Approved Research

Microvascular dysfunction and aging-related phenotypes

Tongji hospital, Tongji Medical College, Huazhong University of Science & Technology

Lay summary

Aims:

The ageing process yields structural and functional detriments to microcirculation, subsequently affecting various organ functionalities. These repercussions manifest in various microvascular ailments, such as coronary microvascular dysfunction and cerebral small vessel disease, among others. Our study seeks to elucidate the correlations between determinants (spanning lifestyle choices, environmental conditions, and biochemical markers) and microvascular diseases. By discerning these contributors, our ambition is to augment comprehension of these diseases, thereby underpinning scientific basis for prompt intervention and enhanced disease supervision.

Scientific rationale:

The ageing phenomenon poses one of the most significant challenges of our epoch globally. A surge in the senior demographic is evident; in 1950, a mere 5% of the global populace was 65 or older, which augmented to 9% by 2020. Projections from the World Health Organization anticipate that by 2050, one out of every five individuals will surpass 60 years. Consequently, age-induced maladies, notably cardiovascular and cerebrovascular diseases, are amplifying in prevalence. The implications? An impending strain on healthcare infrastructure, caregiver capacity, and global economies.

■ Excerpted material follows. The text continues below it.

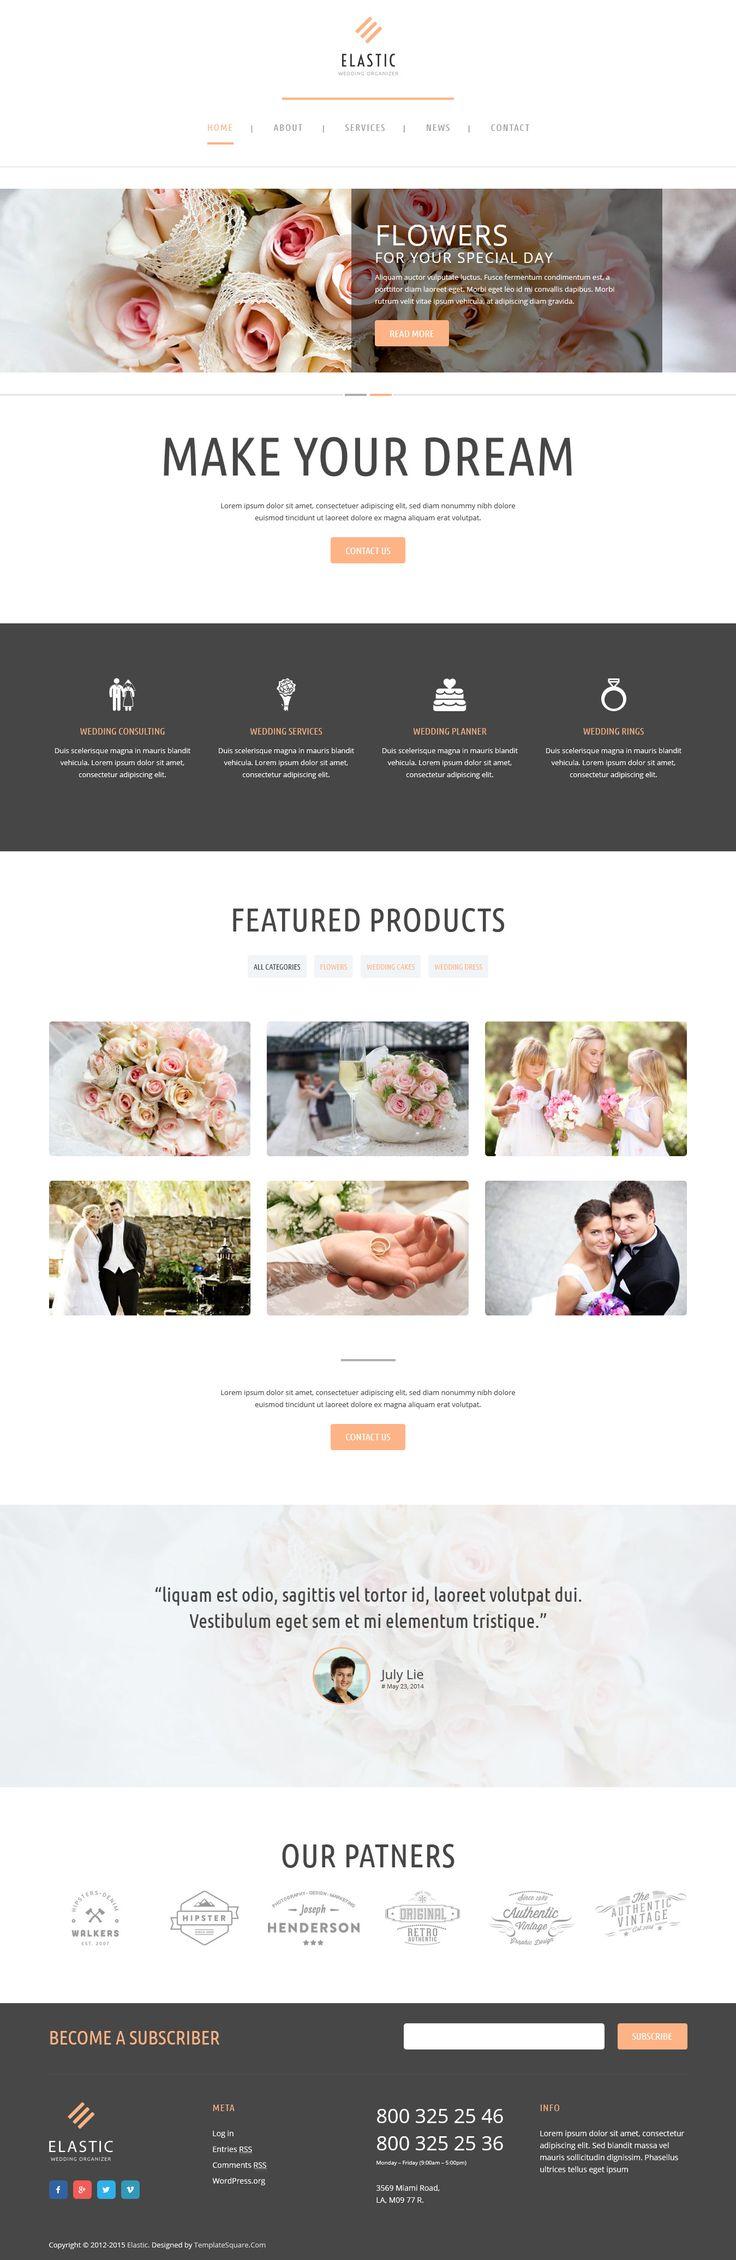 858 best Wordpress Themes images on Pinterest   Wordpress template ...

Microcirculation, delineated as blood dynamics within arterioles, capillaries, and venules, holds paramount importance. These minuscule vascular entities, integrated within organs, are responsible for vital functions including tissue perfusion, oxygen transportation, and nutrient delivery. The ageing-induced microvascular anomalies play a pivotal role in the compromised functionality of diverse organs. These anomalies, stemming from age-induced microcirculatory alterations, jeopardize tissue oxygenation, nutrient transport, and waste elimination, detrimentally affecting organ systems.

Current literature offers a paucity of comprehensive examinations on the relationship between ageing and the cascading effects on microvascular health across multiple organs. Our endeavour is to systematically decipher this association, concurrently spotlighting potential risk contributors - genetic proclivities, lifestyle patterns, imaging changes, metabolic landscapes, environmental exposures, and potential gene-environment synergies - in the context of the UK Biobank, both cross-sectionally and longitudinally. We postulate that, beyond intrinsic mechanisms, extrinsic determinants may underpin the prevalence of microvascular conditions.

Project duration:

This project is expected to last for 3 years.

Public health impact:

The results of this project will increase our knowledge of microvascular diseases and identify the risk factors that accelerated microvascular diseases. This may facilitate innovative strategies to promote health in our ageing population. By identifying key contributing factors, public health policies can be developed to help provide scientific evidence for early intervention and better disease management, mitigate the incidence of microvascular diseases, ultimately improving elder population health outcomes and reducing the economic burden.